Architect's Daughter | Glass is Great

Architect's Daughter | Glass is Great

Glass is probably one of the most favourable products we can recycle to date. This is because when glass is recycled, it comes out the other end with 100% of the property value it went in with. Unlike plastics and other materials, glass does not lose any of its characteristics during the recycling process. This amazing ability for glass to be able to maintain its quality, purity and durability through its recycling trials and tribulations has made it an important material throughout history, today, and definitely for the future.

To make things a little more interesting, lets start out by playing devil’s advocate. In case you aren’t aware, it is estimated by the The New Hampshire Department of Environmental Services that it takes around one million years for glass to biodegrade. That doesn’t sound great, and what else? Glass is breakable! Oh and it is also heavy, which would cost more fuel to have it transported. So you might be asking yourself, wait.. why is glass a sustainable product? And if you don’t have the answer just yet, your planet saving, world loving gut is probably still going to opt for glass over plastic if you had to choose. They say "trust your gut", and we are saying to do that here too. Despite these 3 “disadvantages”, glass is an absolutely amazing product, and below we will explain why.
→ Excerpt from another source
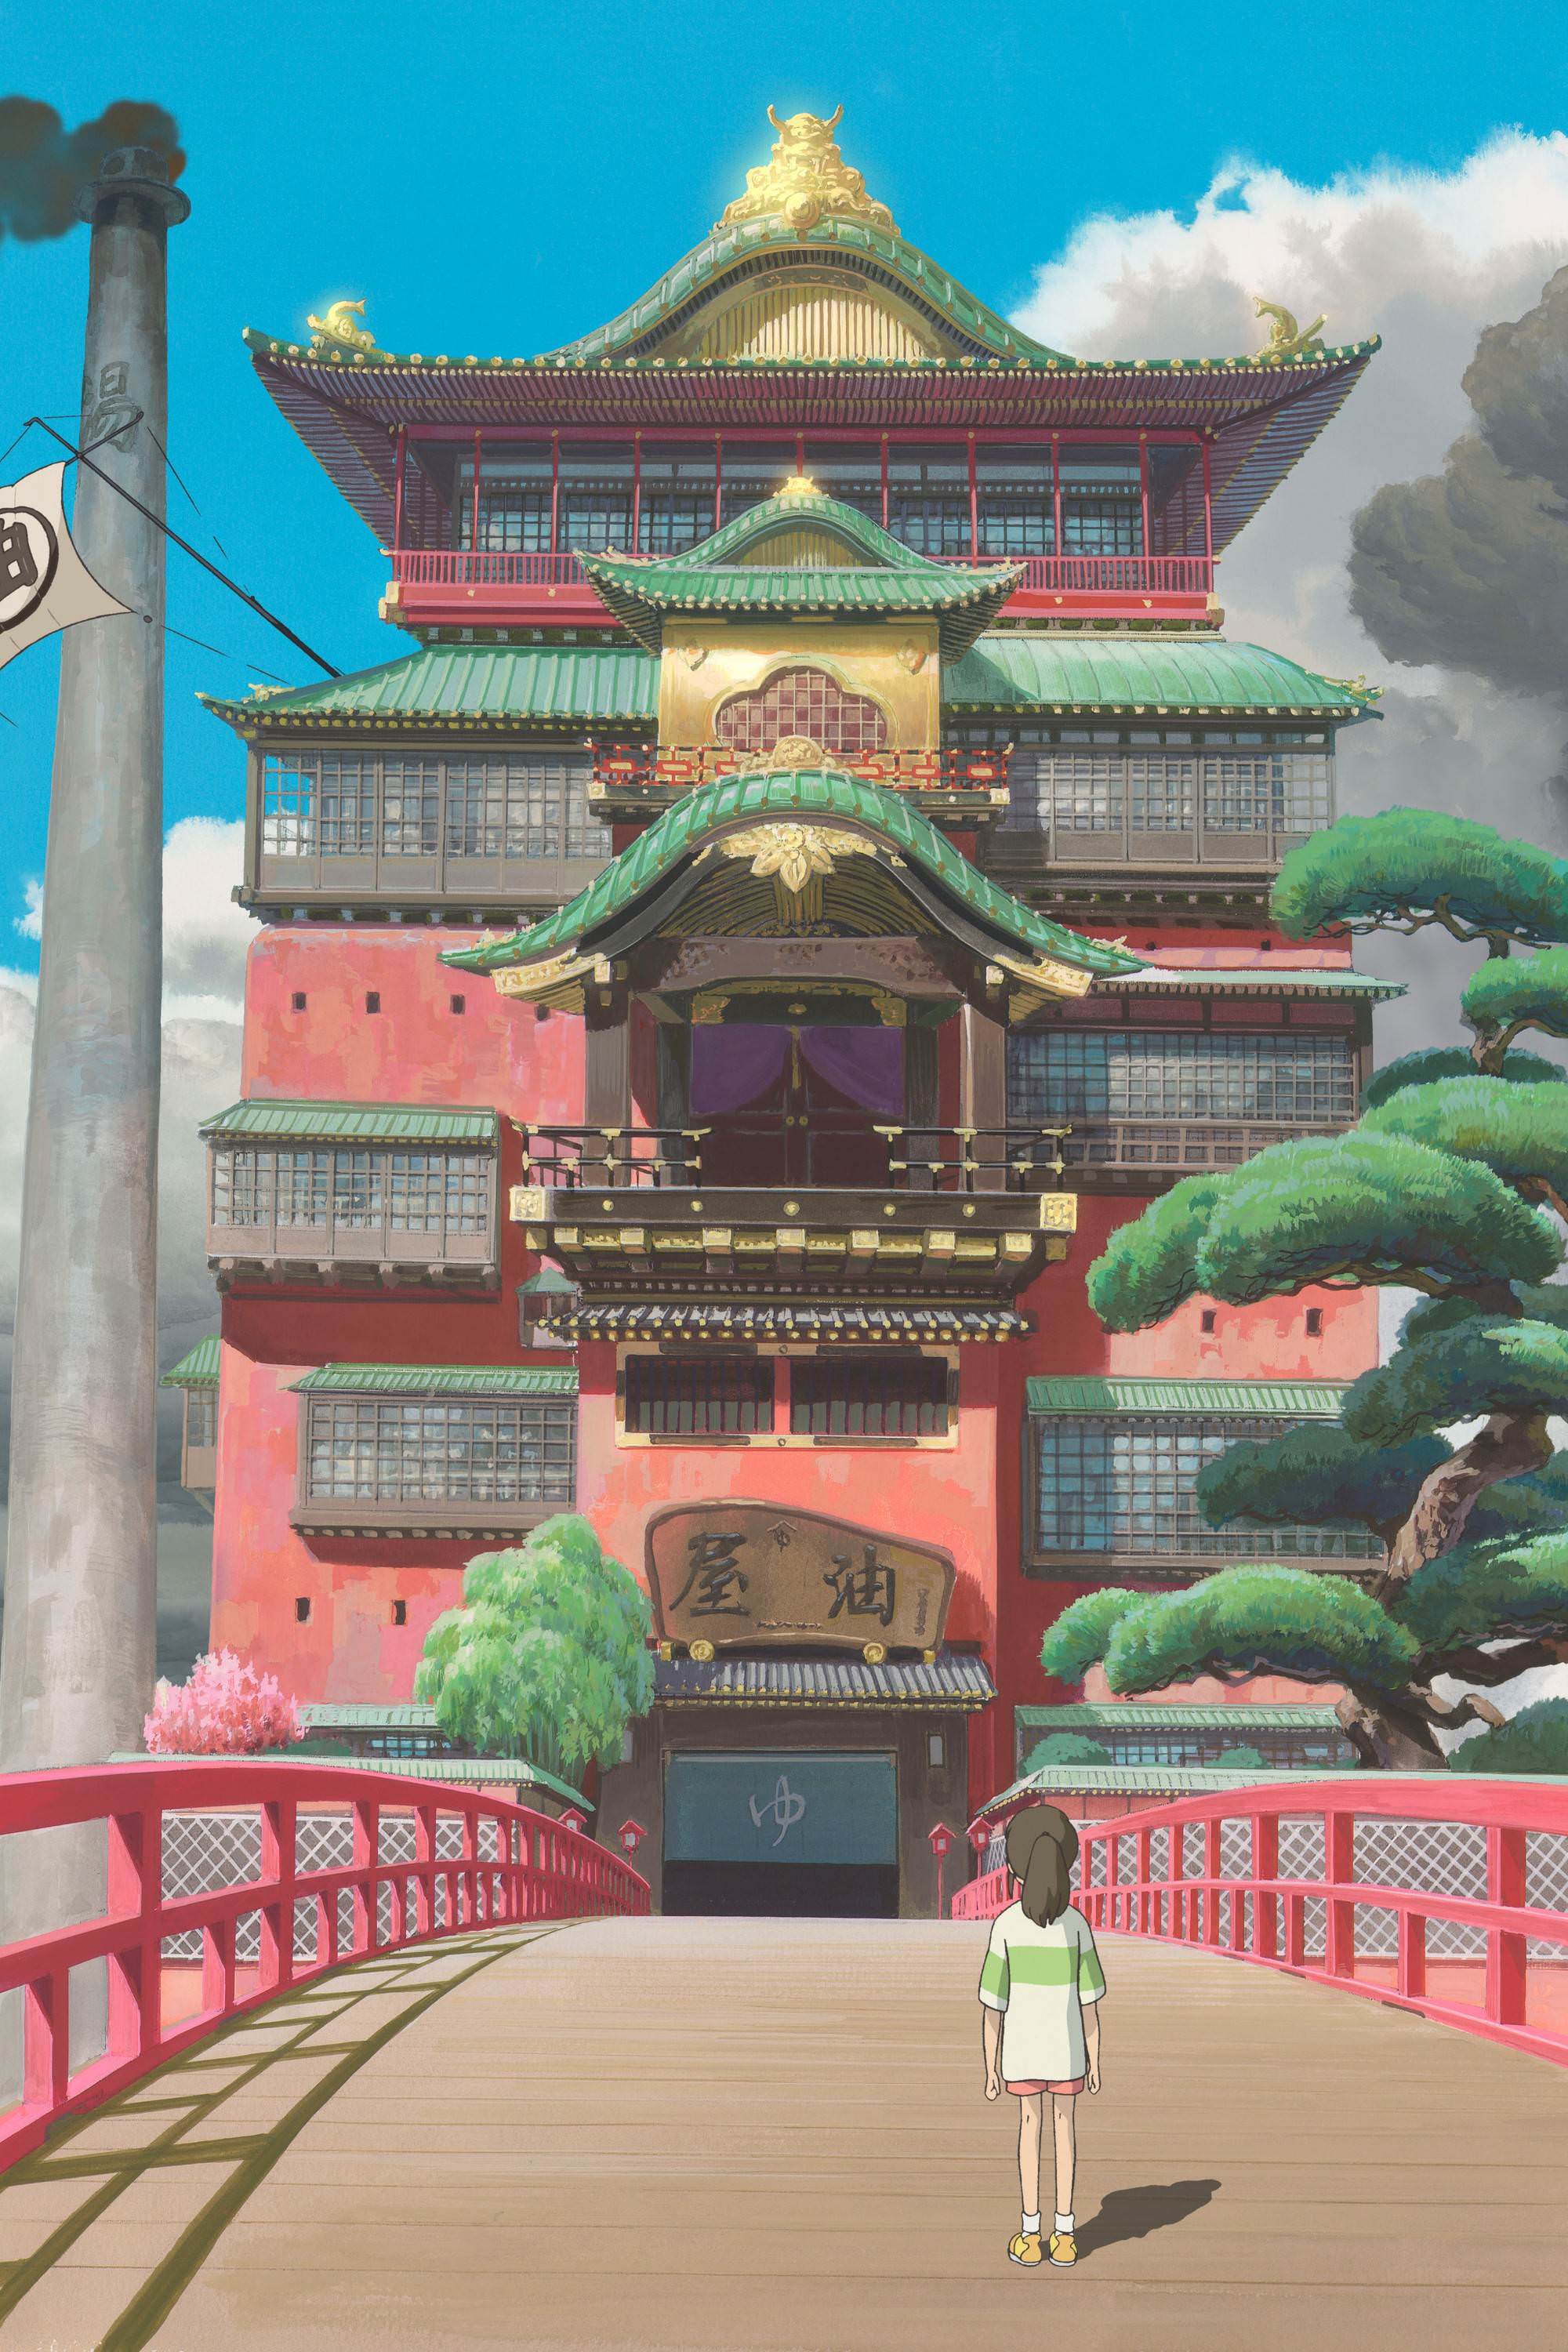 sfondi animati per iphone,architettura cinese,architettura giapponese,pagoda,santuario,architettura

The most critical point to start with is that the building blocks of glass are non fossil fuel. This means that when making glass, we are not burning ancient precious oils that emit a myriad of harmful chemicals into the atmosphere. Typically speaking, glass is made from sand, limestone, and soda ash. Now you may be thinking that sand, limestone and soda ash are all natural constituents of the ground, and this is a completely valid point. Nonetheless, although these products usually have to be extracted from the earth, the good news comes back around to the recycling ability of glass. If humans are responsible with their glass, the amazing material could be recycled indefinitely without having to extract much or any of these resources further. In light of this, it is proven that recycling glass can substitute 95% of it’s raw materials, almost completely eliminating the need for any raw materials. Having said this, recycling glass has been proven to significantly reduce emissions, consumption of raw materials, and significantly reduce on energy expenditure to extract these resources.

Let’s put this into context. When your glass reaches a recycling plant, it is first sorted by colour and then it is crushed down into tiny pieces. These tiny pieces of your recycled glass are mixed with a controlled amount of limestone and other raw materials (that 5% we were talking about earlier). The result of this careful mixture creates a very special granular material called cullet. Once the cullet is ready, it is heated in ovens at the recycling plant and subsequently molded to form new glass. Et Voila.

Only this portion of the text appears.